Электронная библиотека книг » Мария Правда » Площадь отсчета » Текст книги (страница 23)
Площадь отсчета
  • Текст добавлен: 25 марта 2017, 18:00

Текст книги "Площадь отсчета"


Автор книги: Мария Правда



сообщить о нарушении

Текущая страница: 23 (всего у книги 31 страниц)

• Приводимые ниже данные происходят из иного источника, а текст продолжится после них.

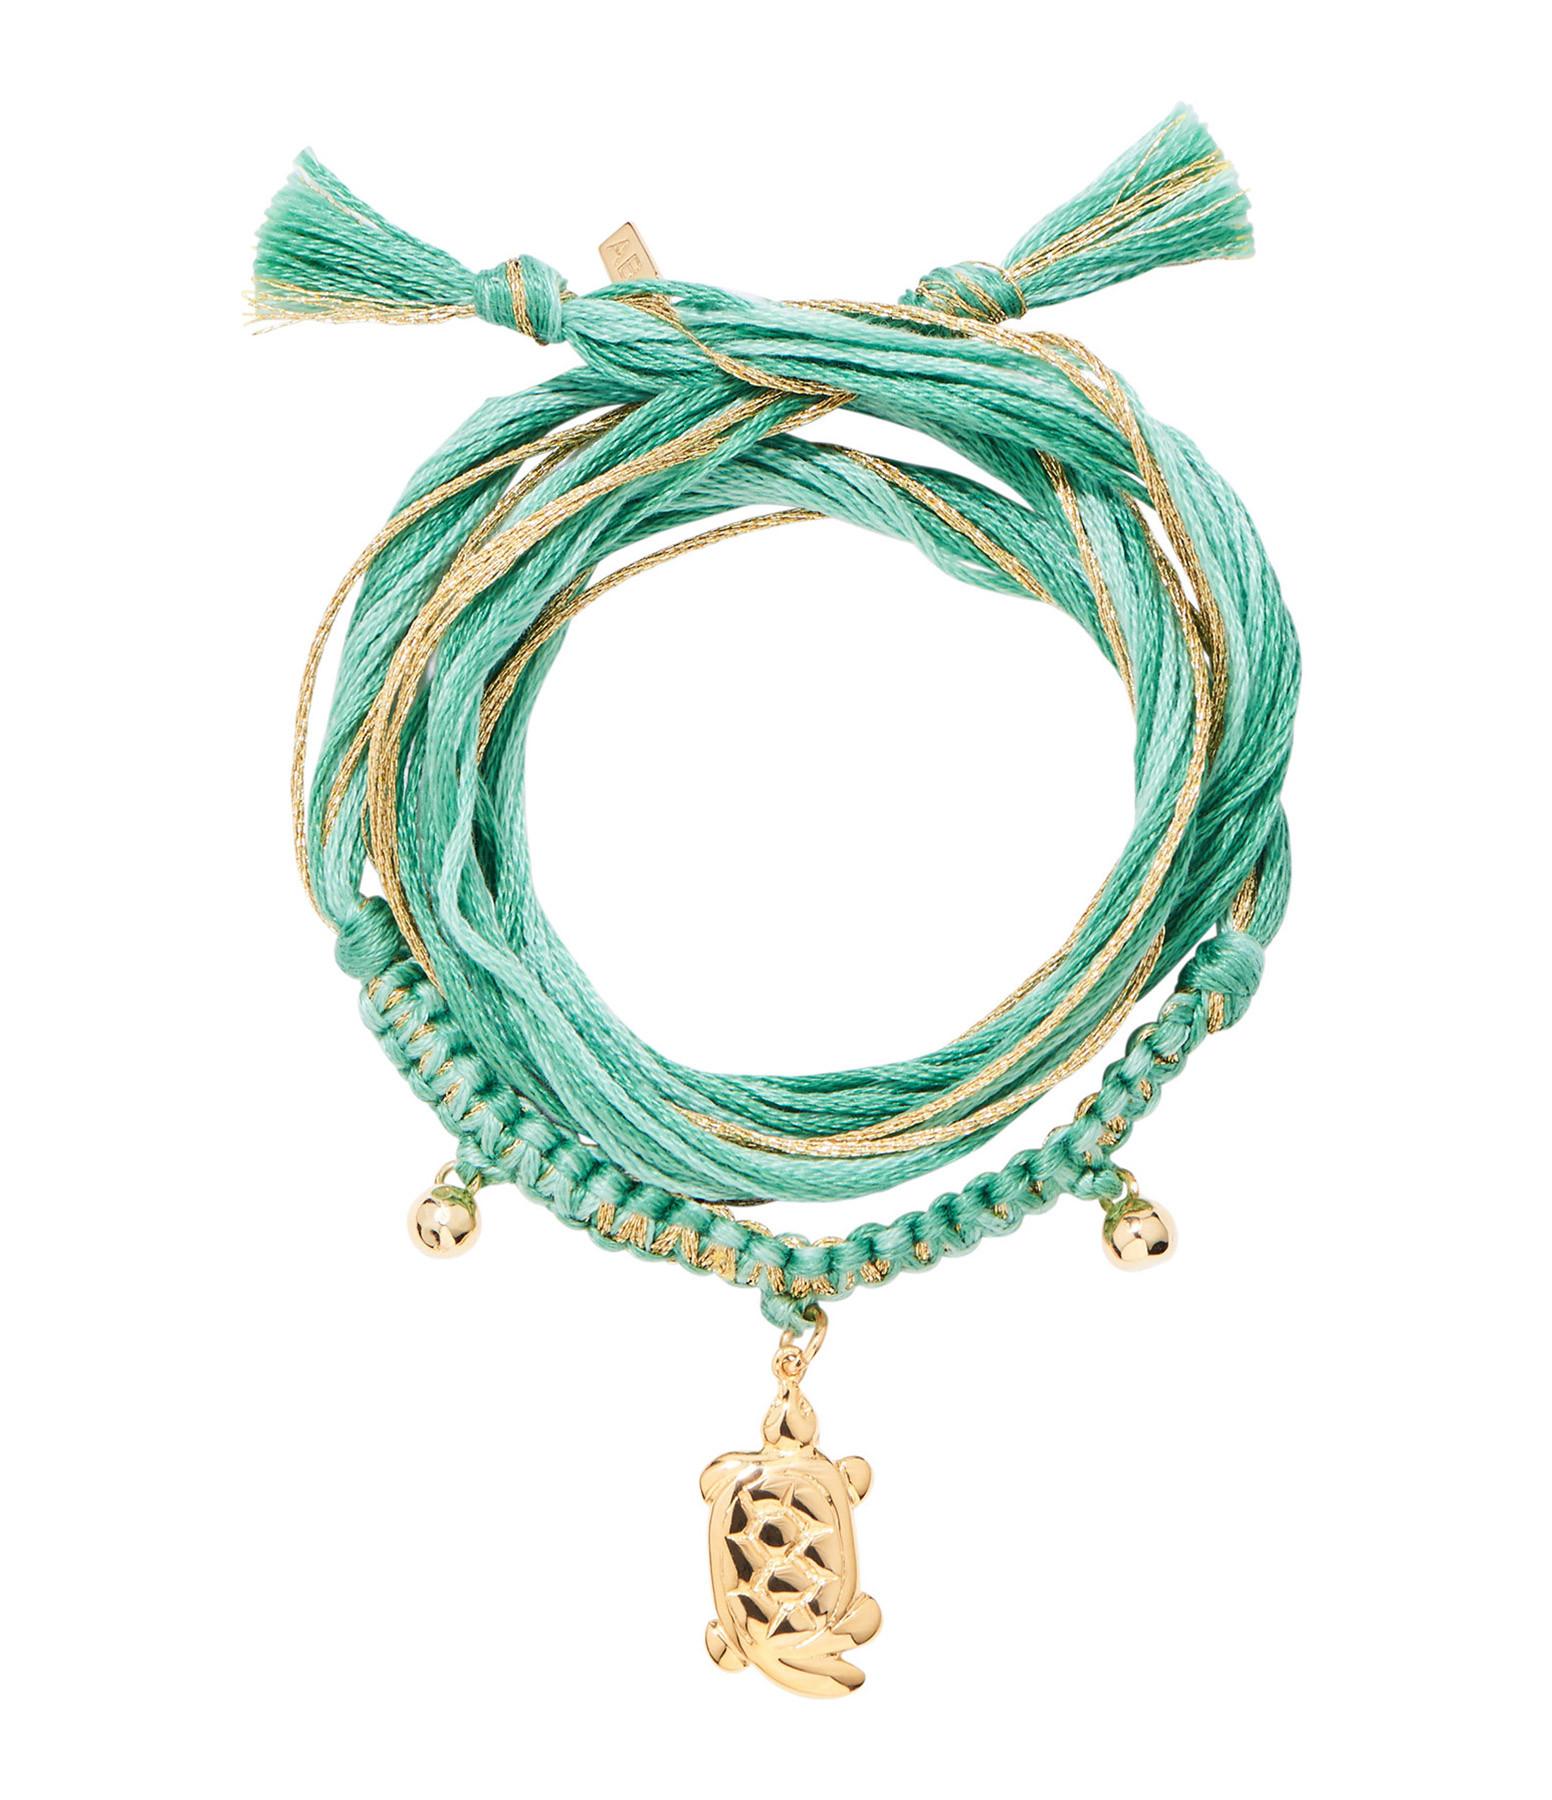 AURELIE BIDERMANN - Bracelet Honolulu Charm Tortue Vert Plaqué Or

ЕКАТЕРИНА ИВАНОВНА ТРУБЕЦКАЯ, ФЕВРАЛЬ

За последнее время она располнела – выписанное недавно из Парижа платье на ней не сходилось, корсет, который она пыталась сильнее стянуть, не помогал. Вечером, когда она его снимала, на коже оставались безобразные багровые рубцы. Она бы и не одевалась, и не причесывалась, ежели б не мать. Матушка настаивала на том, чтобы она держалась достойно, выходила к гостям. Екатерина Ивановна сама понимала, что нельзя опускаться, но силы ее оставили. Целыми днями она бродила по роскошным залам родительского особняка, отказывалась обедать, ела только сладости. Окна в ее комнатах были всегда задернуты тяжелыми сторами – настолько нестерпим для нее был вид на Неву и крепость, которая прекрасно была видна в любую погоду с Английской набережной. В крепости был заключен Сергей, как испуганно предположил отец: навечно? Самым страшным было для нее неведение – что будет с ним дальше. Отец, граф Лаваль, тридцать лет назад покинувший милую Францию, был настроен мрачно. «В любой стране, – доказывал он, – любое выступление против власти, особливо вооруженное, должно караться либо смертью, либо вечным заточением». Екатерина Ивановна не верила в подобную суровость: Сергея выпустят, надеялась она, удалят от столиц, но выпустят. Так она думала в хорошую погоду. В плохую, когда проклятая крепость едва маячила в снежной дымке, она начинала думать, что все надежды напрасны. При дворе намекали, что будет очень хорошо, ежели она докажет свою преданность государю, публично осудив преступного супруга. Поговаривали, что женам преступников будет высочайше разрешено с ними развестись. «Это несбыточно, – в ужасе сказала мать, – кто же ты тогда будешь, при живом–то муже?» При этом Екатерина Ивановна понимала, что родители втайне между собою обсуждали подобный исход и желали бы этого. Может быть, рассчитывали даже, что она вновь выйдет замуж. Капиталы в семье были несметные. Мать принесла отцу бесчисленные именья во всех губерниях, уральские заводы и более 20 тысяч душ. Пять лет назад Каташа была одною из лучших невест в России, была бы и сейчас, но развод для нее был невозможен.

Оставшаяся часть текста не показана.